Material provided:
· · ·

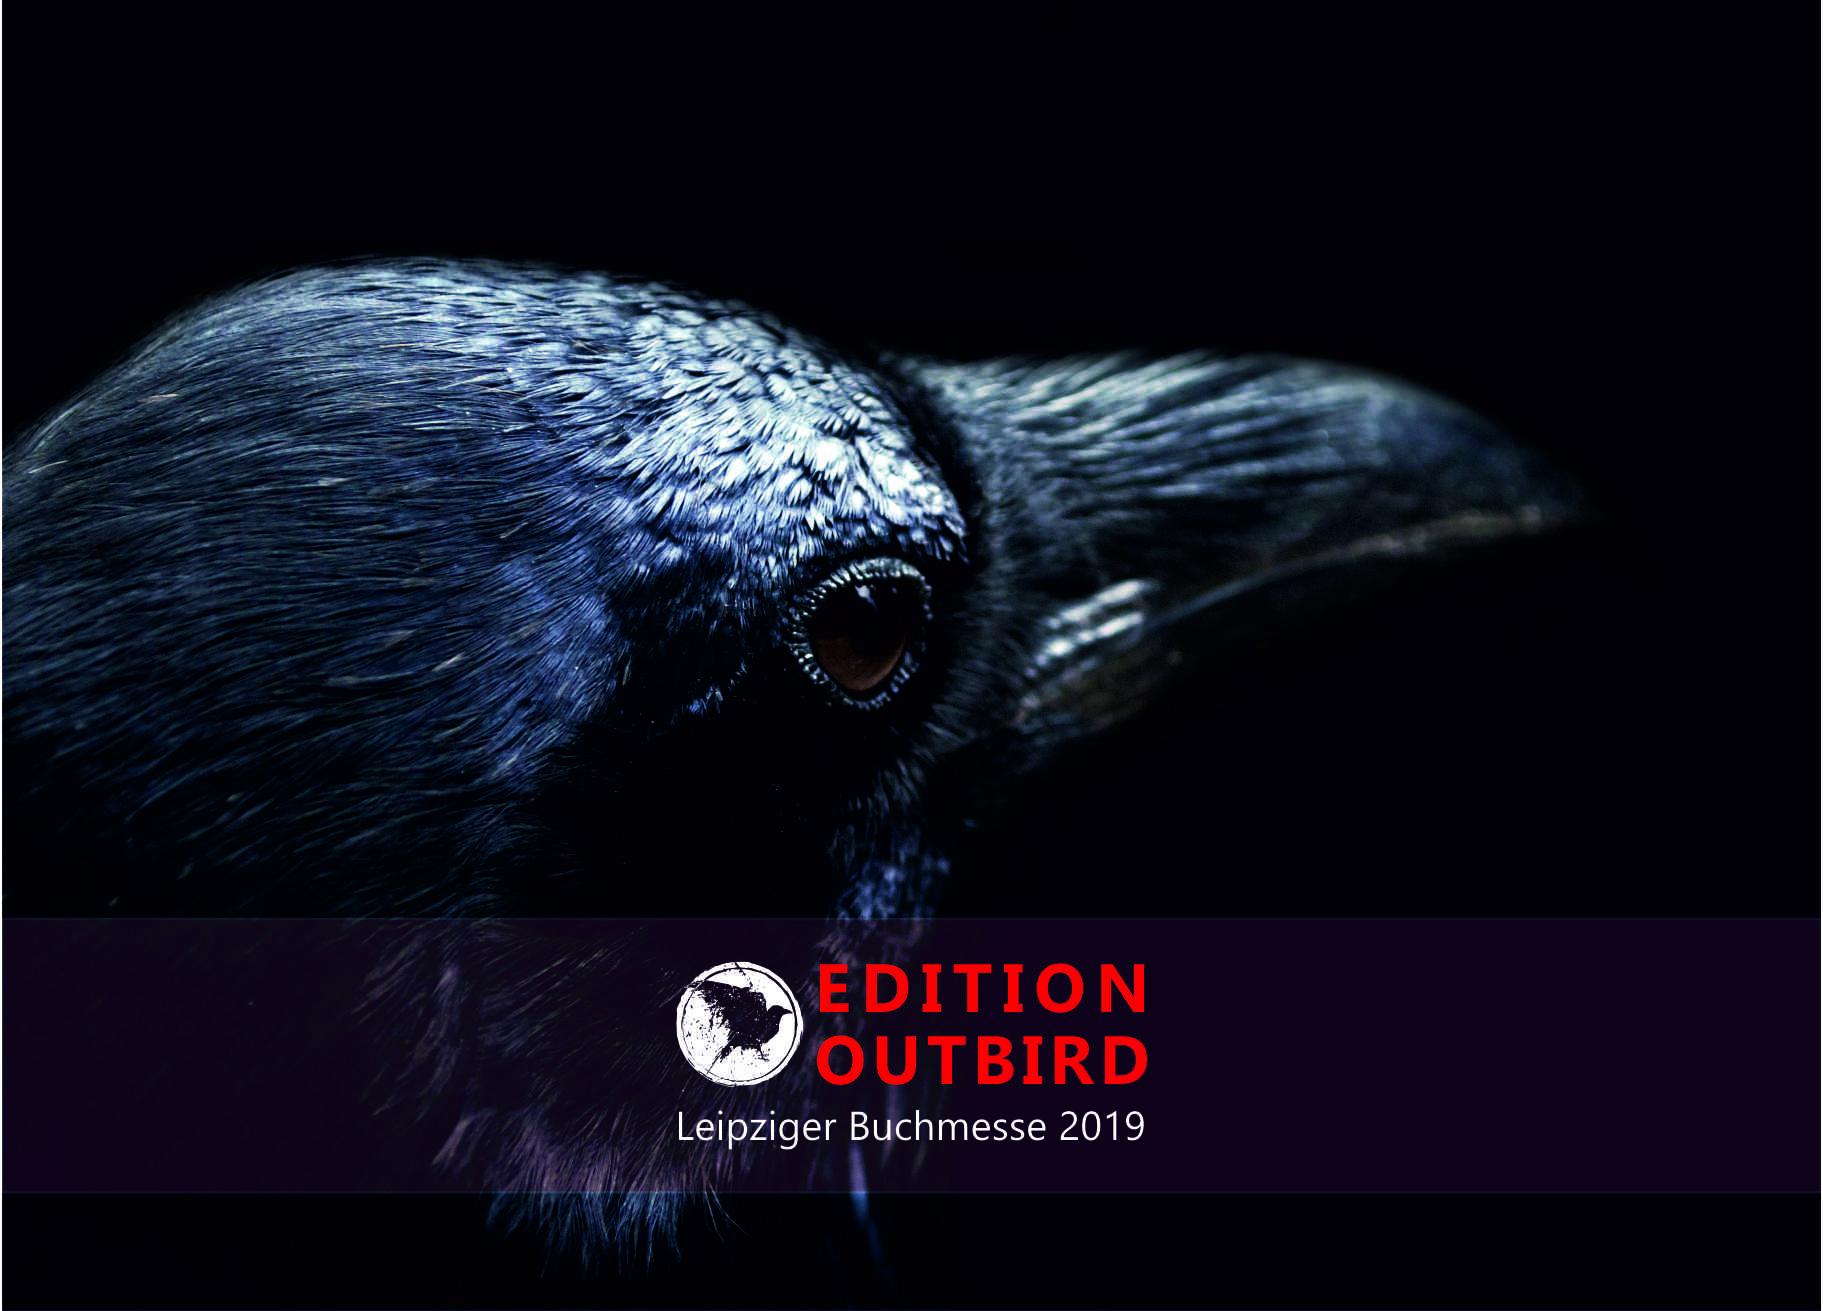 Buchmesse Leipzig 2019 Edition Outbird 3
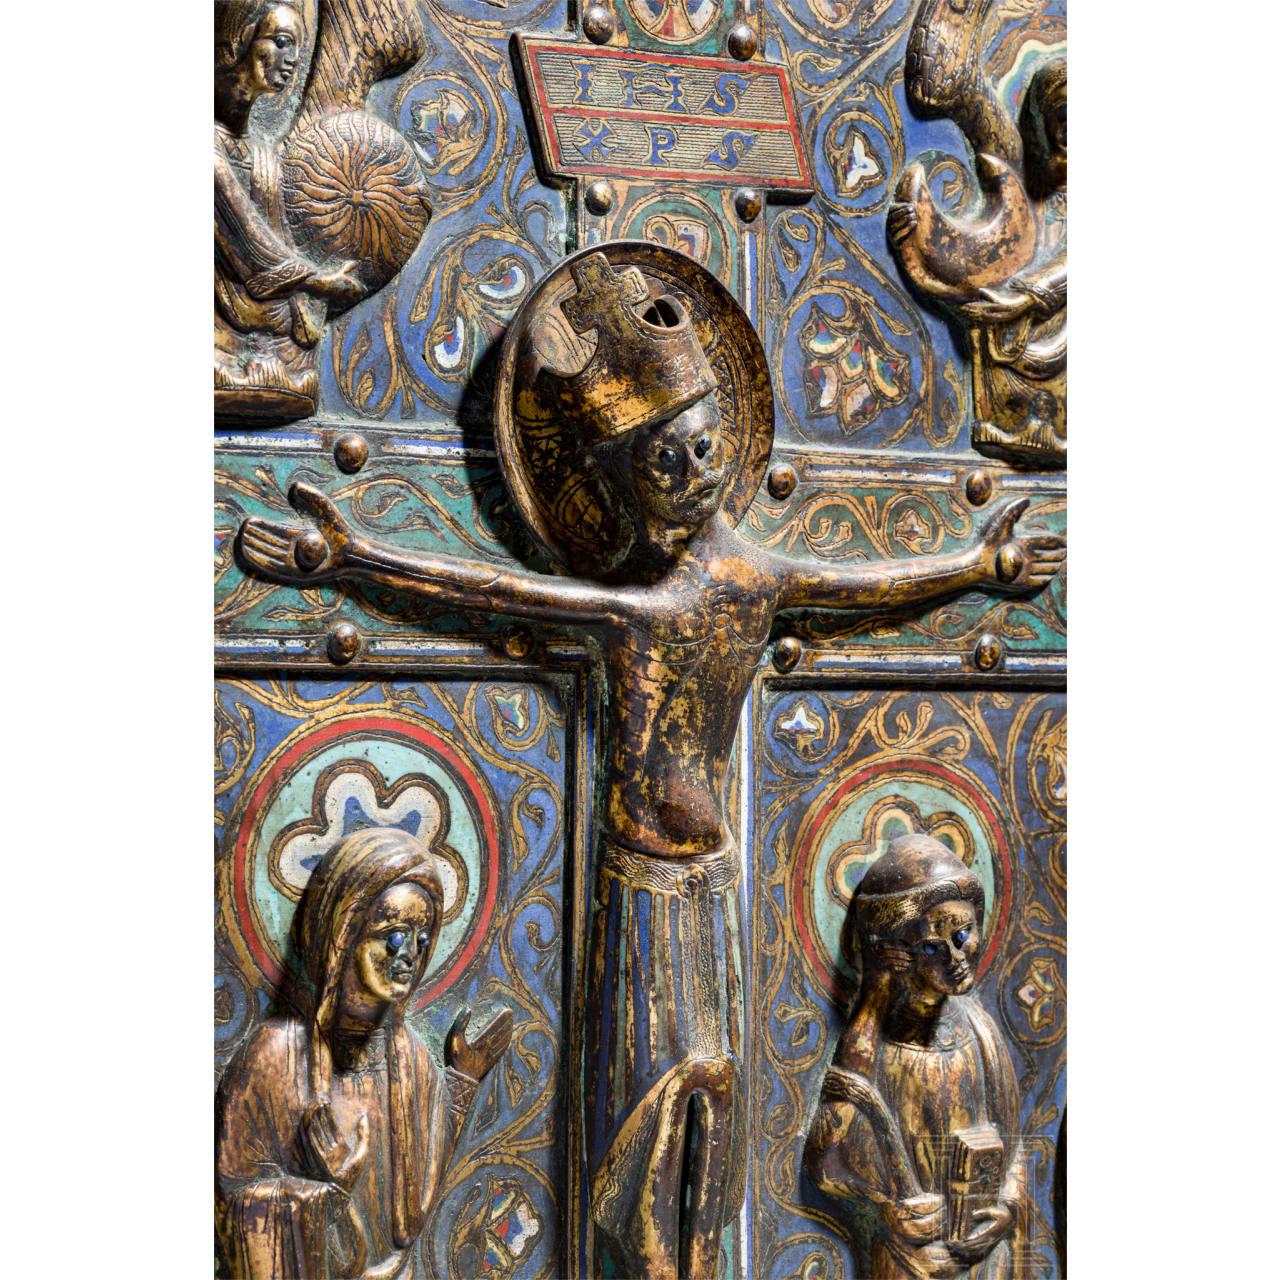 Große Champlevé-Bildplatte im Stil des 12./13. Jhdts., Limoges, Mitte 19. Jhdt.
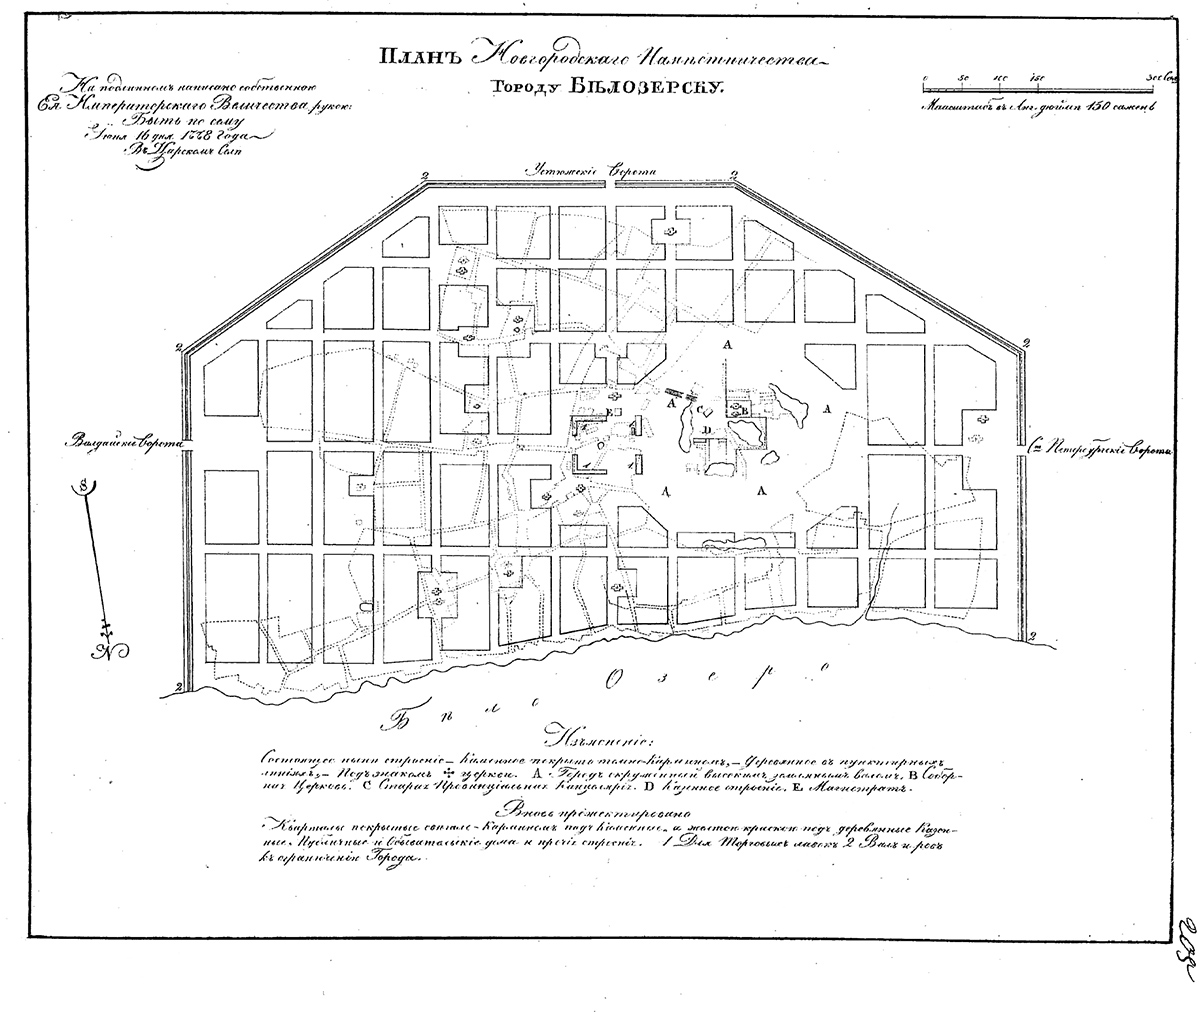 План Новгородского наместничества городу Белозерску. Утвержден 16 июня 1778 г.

· · ·

Exercise directions:
Give back the material exactly as written, images excluded.

Exercise answer:
 Buchmesse Leipzig 2019 Edition Outbird 3
 Große Champlevé-Bildplatte im Stil des 12./13. Jhdts., Limoges, Mitte 19. Jhdt.
 План Новгородского наместничества городу Белозерску. Утвержден 16 июня 1778 г.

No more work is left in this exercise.